The Shakespeare Conference: SHK 23.045 Thursday, 2 February 2012
Date: February 1, 2012 9:14:23 PM EST
Subject: Re: SHAKSPER: PIPA/SOPA
Gabriel Egan says:
>Larry Weiss thinks that the judgement in “Bridgeman Art Library v. Corel
>Corp” (1999) only confirmed the existing doctrine about photography
>rather than changing anything. If that were true, all those libraries (like
>the Huntington) that asserted copyright on their microfilms of old books
>were mistaken or were knowingly lying. I suggest that in fact “Bridgeman
>Art Library v. Corel Corp” came as much as a surprise to them as to
At the time of the Bridgeman decision, I represented a photographic stock house that specialized in images of art works, so I had already studied the issue in detail well before the decision. I can assure you that Kaplan’s decision came as no surprise to me.

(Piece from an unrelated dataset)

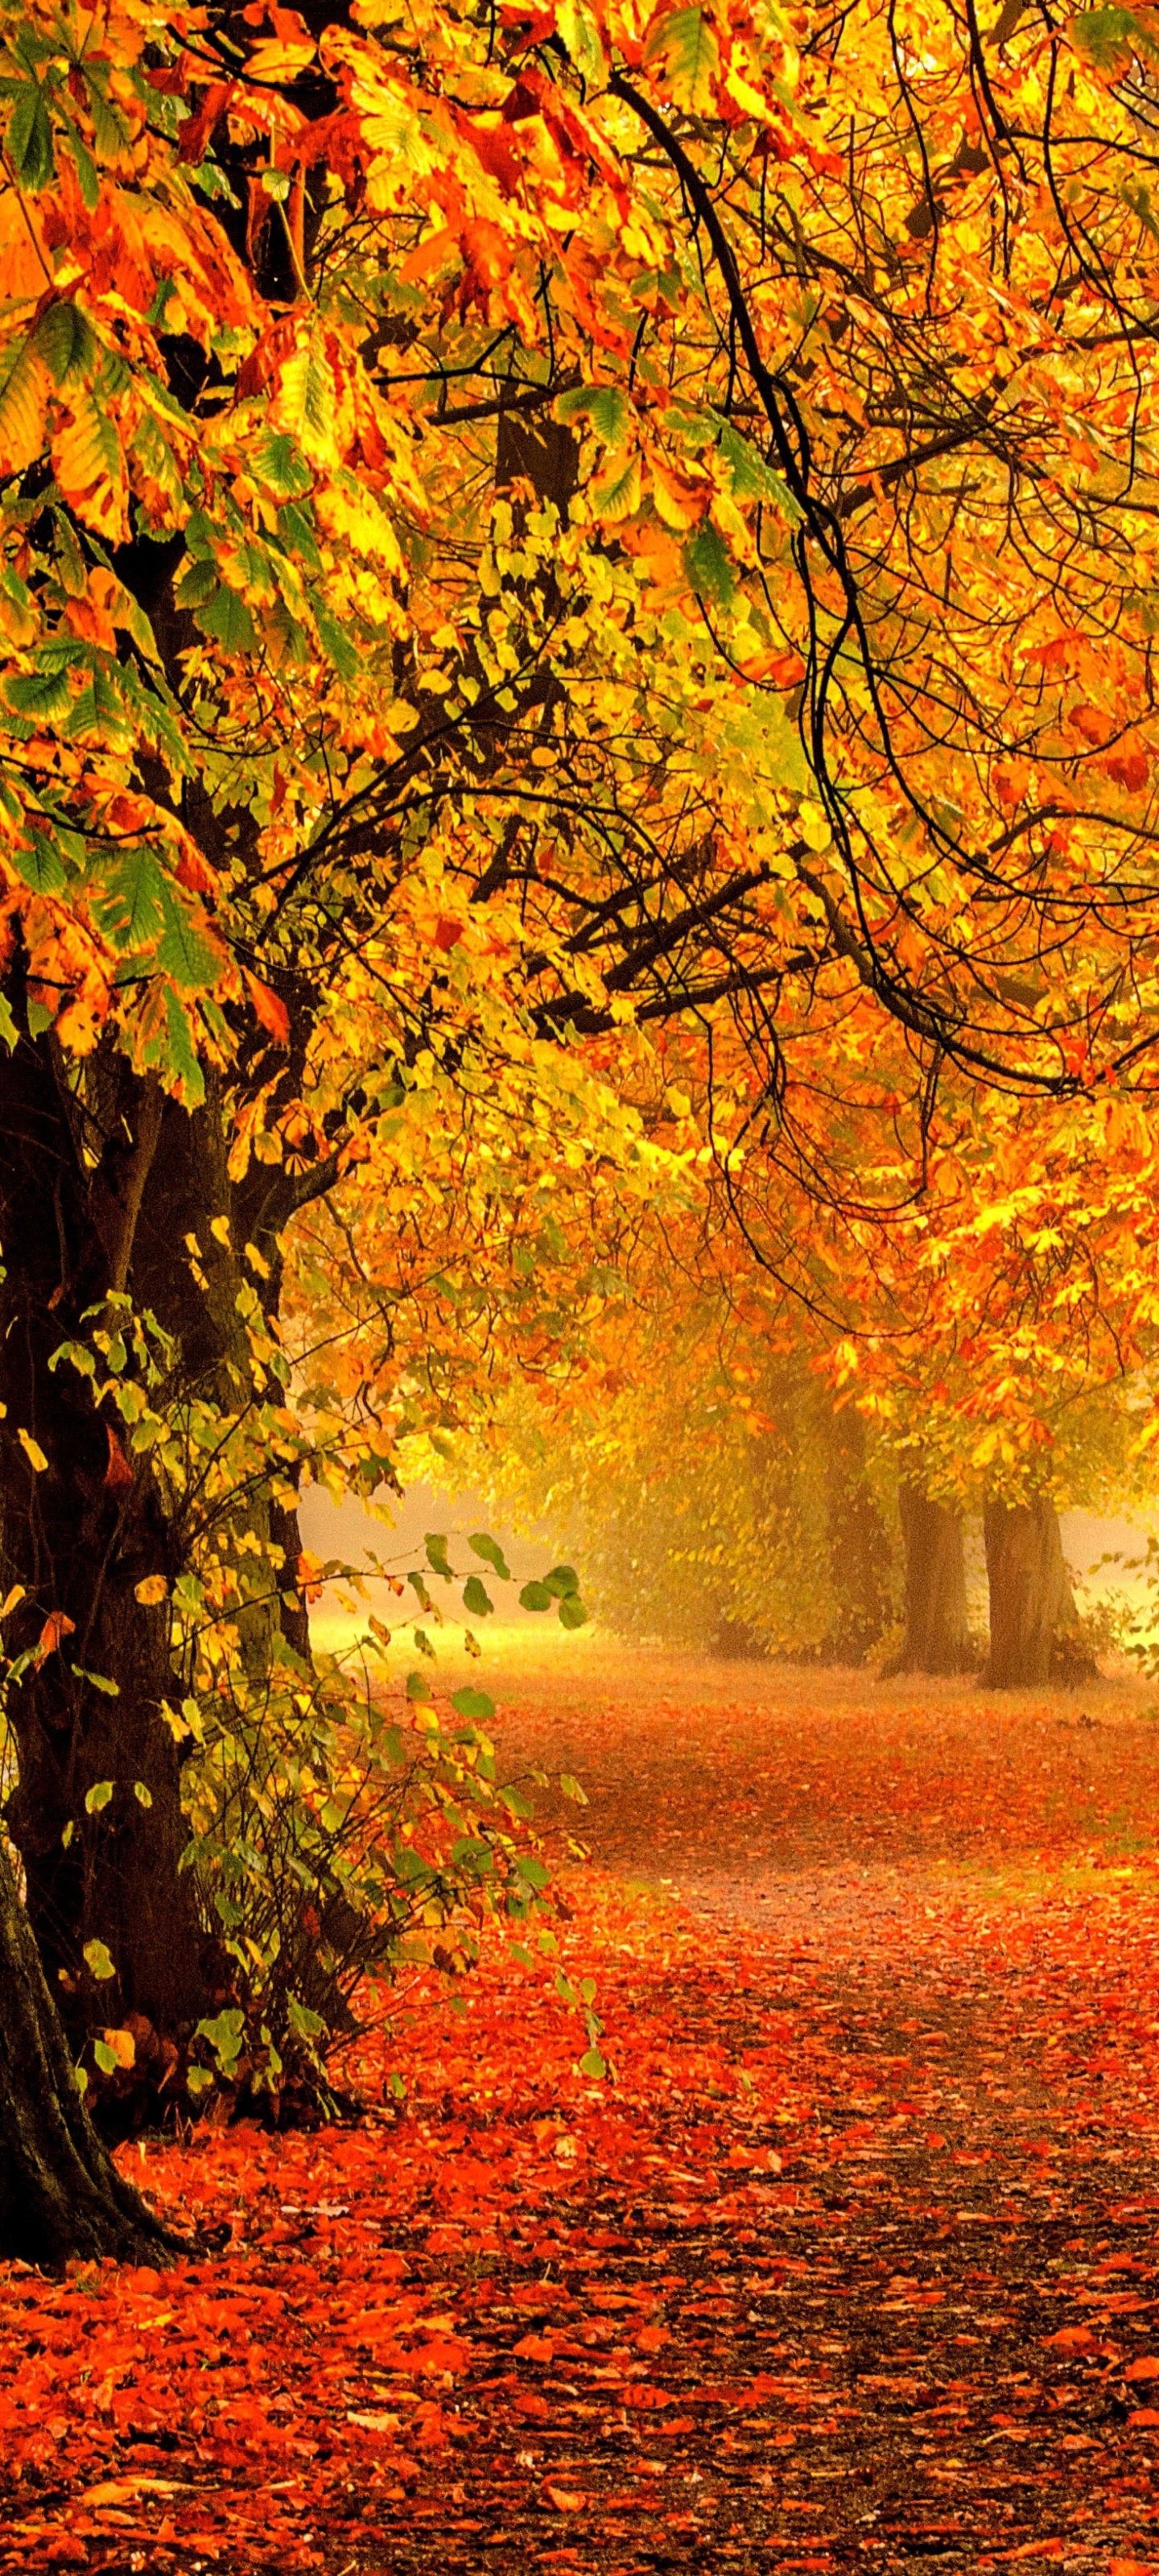 Скачать картинку Природа, Осень, Парк, Фотографии, Падать в телефон бесплатно.

Anyone in the U.S. who was shocked did not have very astute counseling. In the U.K., on the other hand, the rule was to the contrary, and the plaintiff in Bridgeman placed its main reliance on an argument that the U.K. law applied to the transaction in question.

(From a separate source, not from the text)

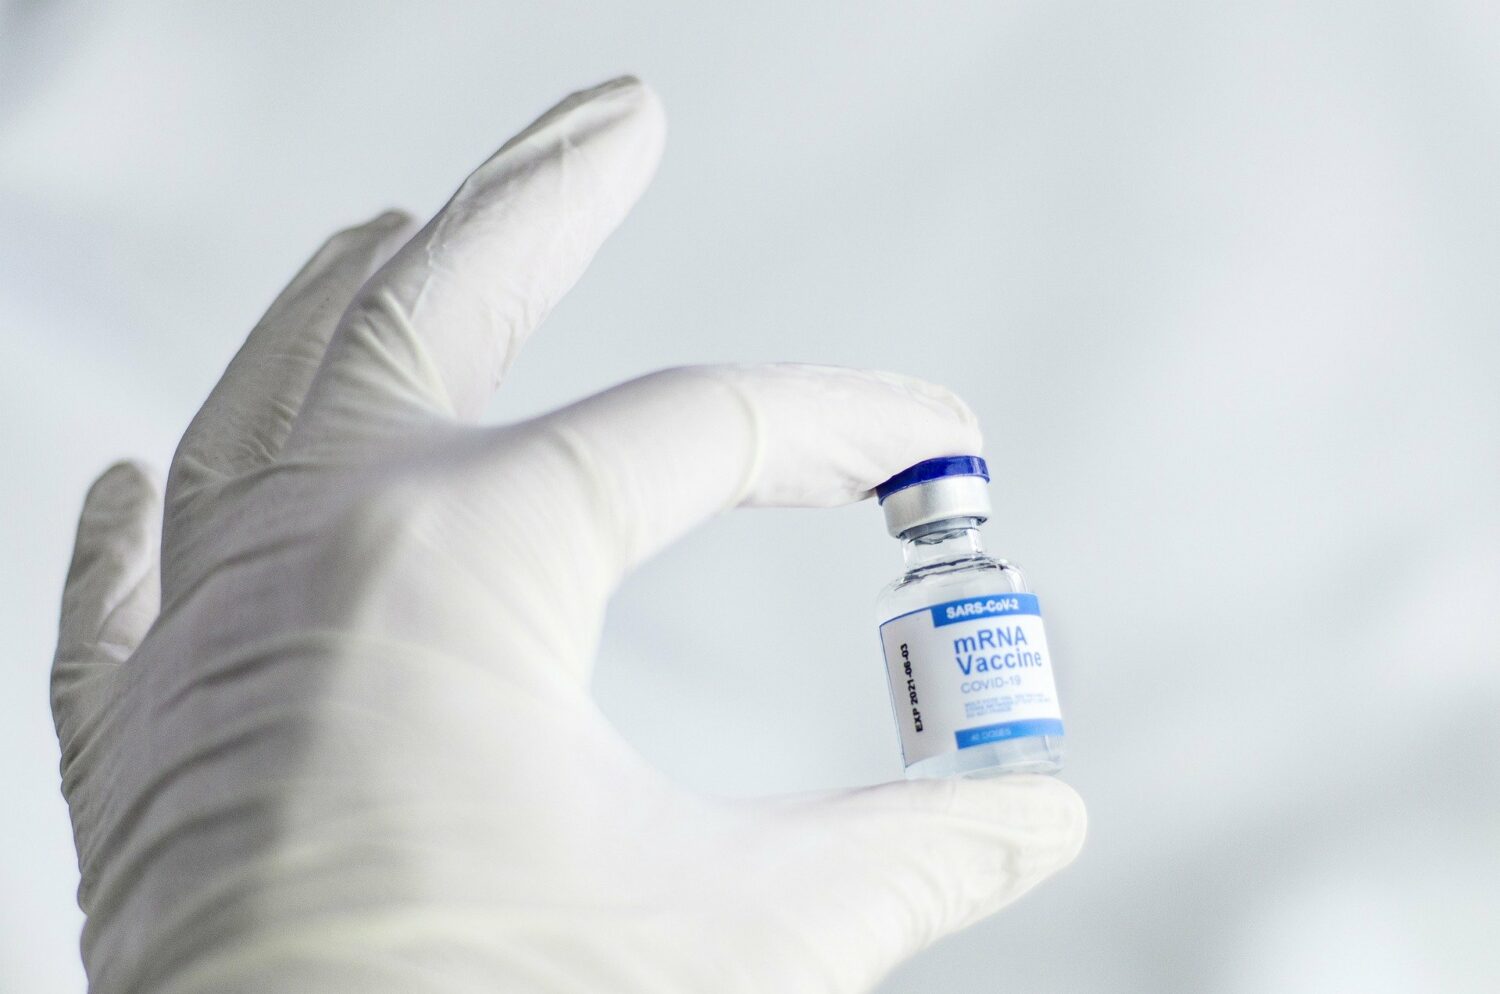 physIQ, CellCarta Collaborate on Study to Revolutionize Vaccine

>Because the Digital Millennium Copyright Act separates the
>circumvention of digital locks from infringement of the copyright of the
>material protected by the locks, makers of digital products have been
>able to lock away public domain materials, using the threat of
>prosecution under the DMCA’s anti-circumvention provisions rather than
>threat of prosecution for copyright infringement.
You can threaten anything, with or without justification; but that does not expand the scope of what the statute actually protects. The act prohibits only circumventing locks that deny access to material that is not in the public domain, which I showed yesterday by quoting the pertinent language.